DataCruxWeb Data Modeling Overview

Since we're not too far away from a formal DataCruxWeb release, I thought I'd start getting some details out there. Here's a snippet of a model file from a real, working DataCruxWeb app:


@entity Task

properties are id, name, description, priority, assignedTo, dueDate, complete

  name is a string
  description is a freeform text block, optional
  priority is an item from a static list, list name is 'priorities'
  assignedTo is an object, entity is 'StaffMember'
  dueDate is a date, uses day/month/year
  complete is a flag, optional

sort by increasing complete, increasing dueDate, decreasing priority



Only the first two lines are required. It can also be written like this, which I prefer:


@entity Task

properties are id, name, description, priority, assignedTo, dueDate, complete

  name         is a string
  description  is a freeform text block, optional
  priority     is an item from a static list, list name is 'priorities'
  assignedTo   is an object, entity is 'StaffMember'
  dueDate      is a date, uses day/month/year
  complete     is a flag, optional

sort by increasing complete, increasing dueDate, decreasing priority



Data modeling in both the original Objective-C version of DataCrux and early versions of DataCrux were tricky, so I really wanted to get this right in a public release of DataCruxWeb.

I actually considered a few approaches. XML never seemed like a good choice as it's just too verbose for something like this. I considered writing a desktop or web-based tool to generate the model files, but that seemed like perhaps a bit too much overhead for now.

I also tried one other custom file format before settling on the style above. While writing the parser for that format, it occured to me that I wasn't really solving the problem, which is that most config files look like they were written by and for a computer.

Finally, I decided that I wanted a format that could read like an informal outline -- something similar to an informal specification a developer receives in an email.


How the Data Model is Used

When DataCruxWeb is fired up, it looks for its database.
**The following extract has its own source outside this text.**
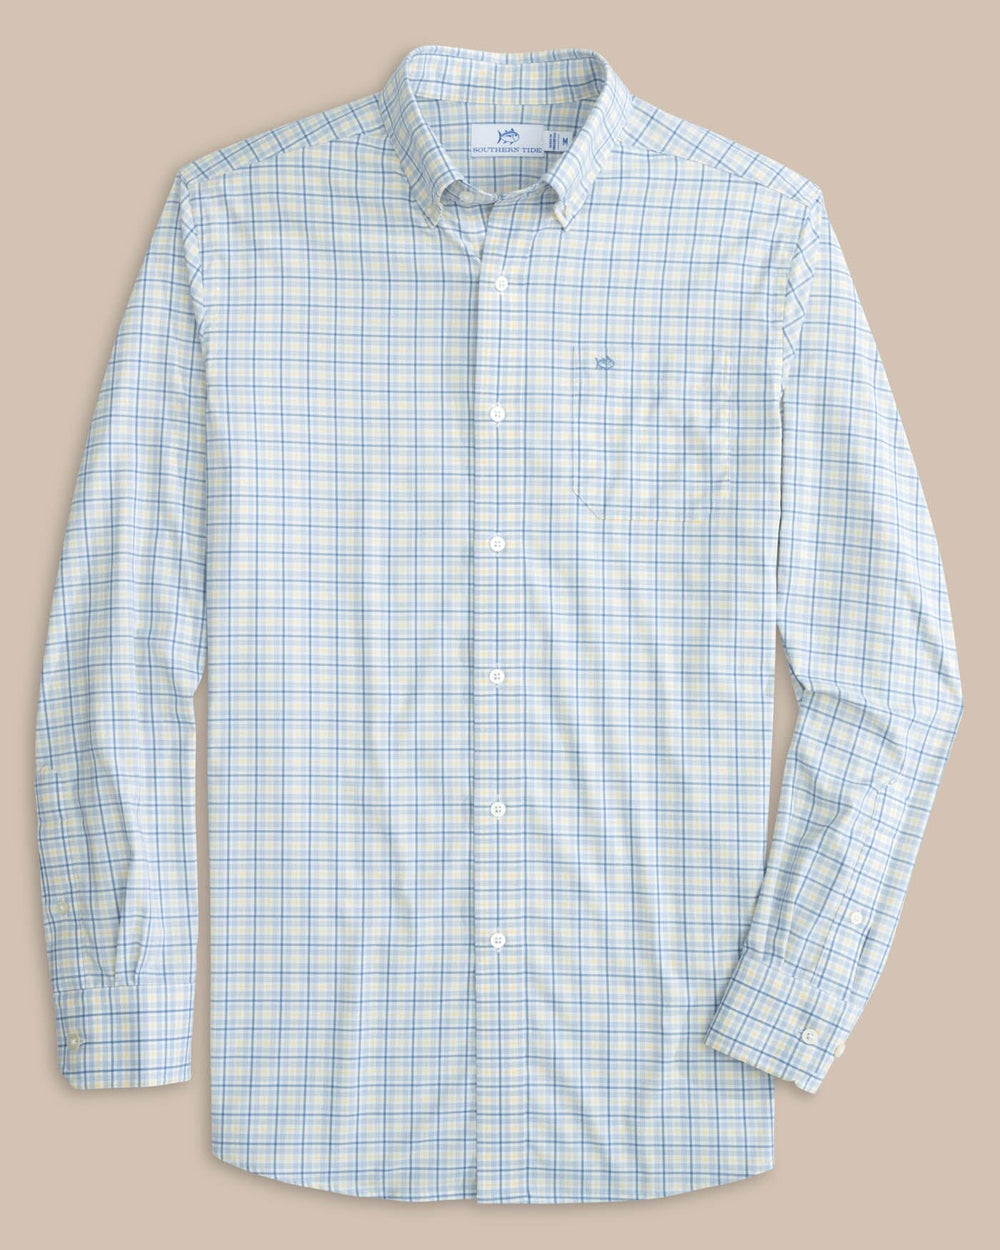 The front view of the Southern Tide Intercoastal Falls Park Plaid Long Sleeve SportShirt by Southern Tide - Coronet Blue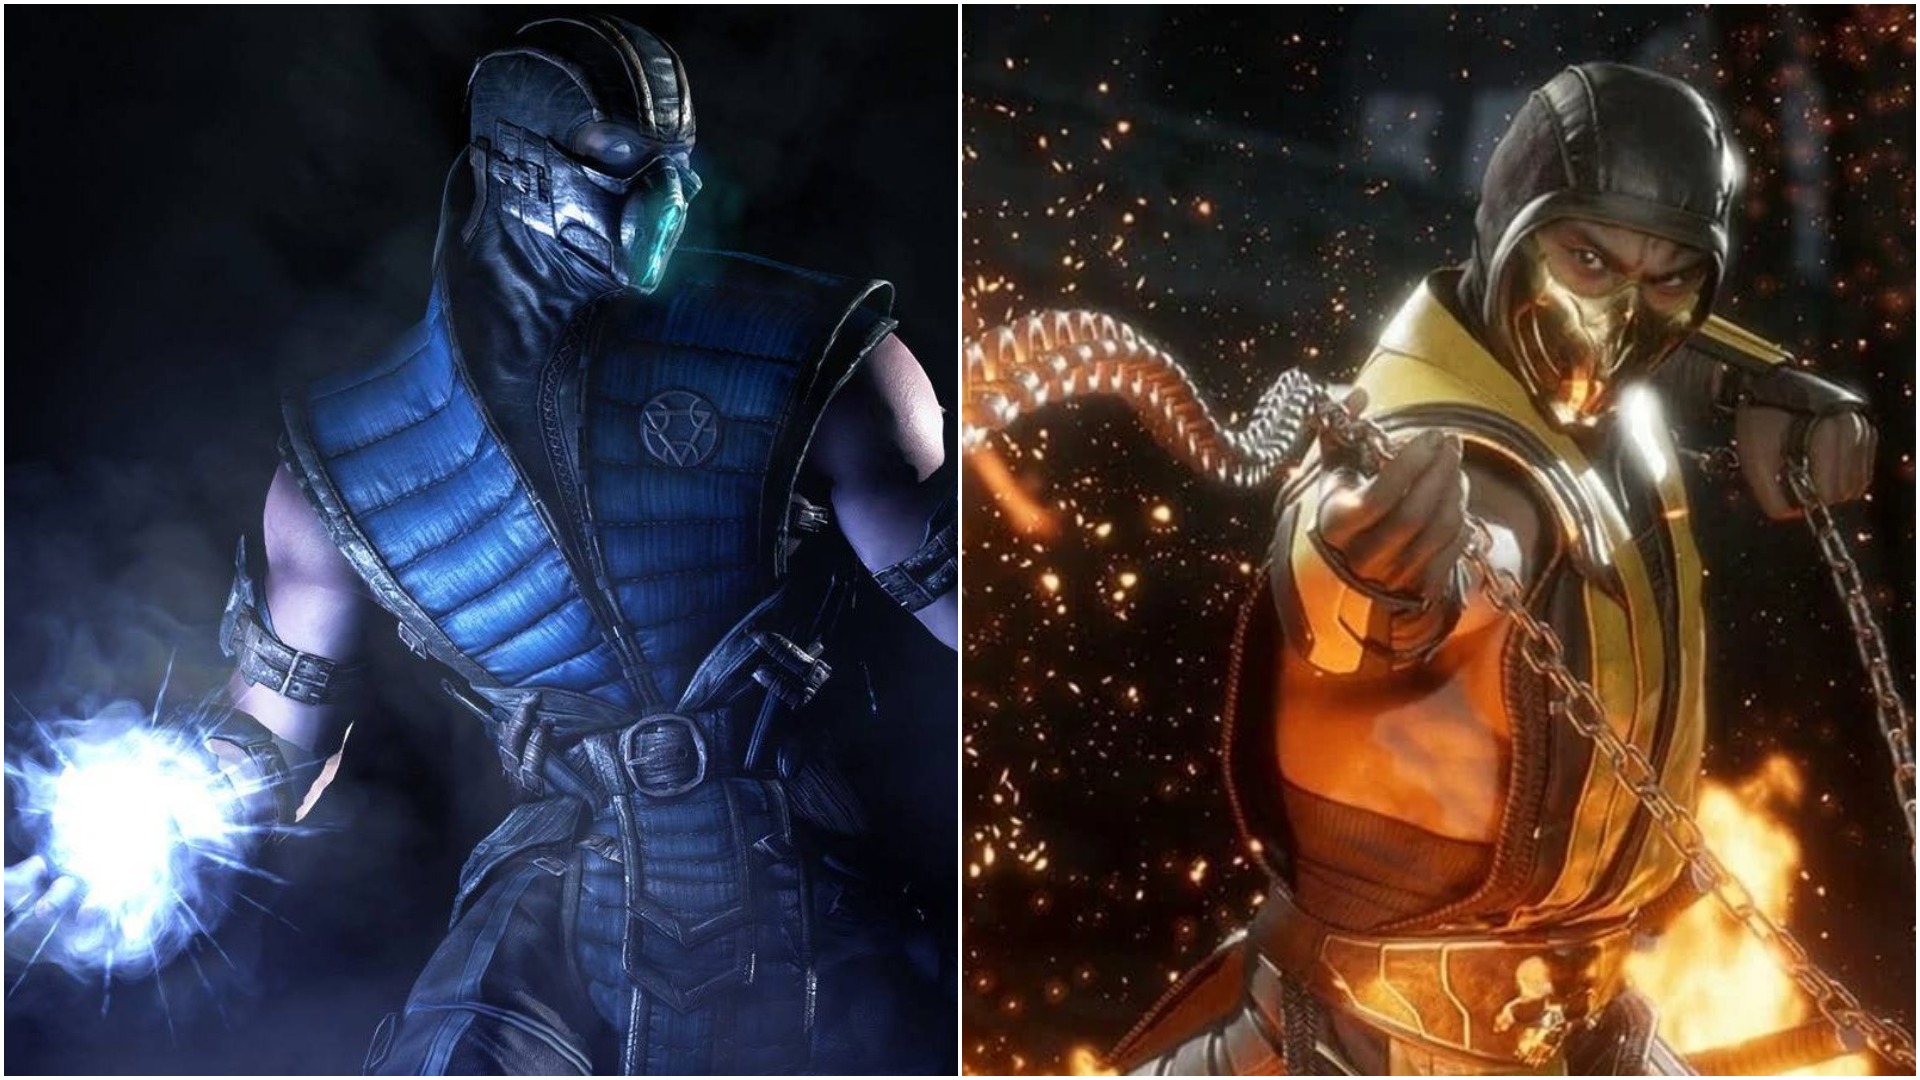 In Mortal Kombat 2021, even if Sub Zero and his group did prevail

If the database can't be found, it automatically creates it along with all of the associated tables. As you'd expect, it uses the model file to figure out what tables and columns to create.

This isn't the only time the model is used, though. Every DataCruxWeb data object has a sense of which entity it belongs to. If you try to set a value on a DataCruxWeb object using a property name that doesn't exist, the request will just be ignored. In addition, properties can be disabled on a per-page (or potentially, per-request) basis. This is helpful if you want to wall off sensitive data from the end user.

Before an object is saved to the database, you can ask it to validate its contents. The validation is (obviously) governed by the model. Of course, validation can be more than checking for valid data. A filter may actually transform a value from what the web browser sends to a better internal represenation.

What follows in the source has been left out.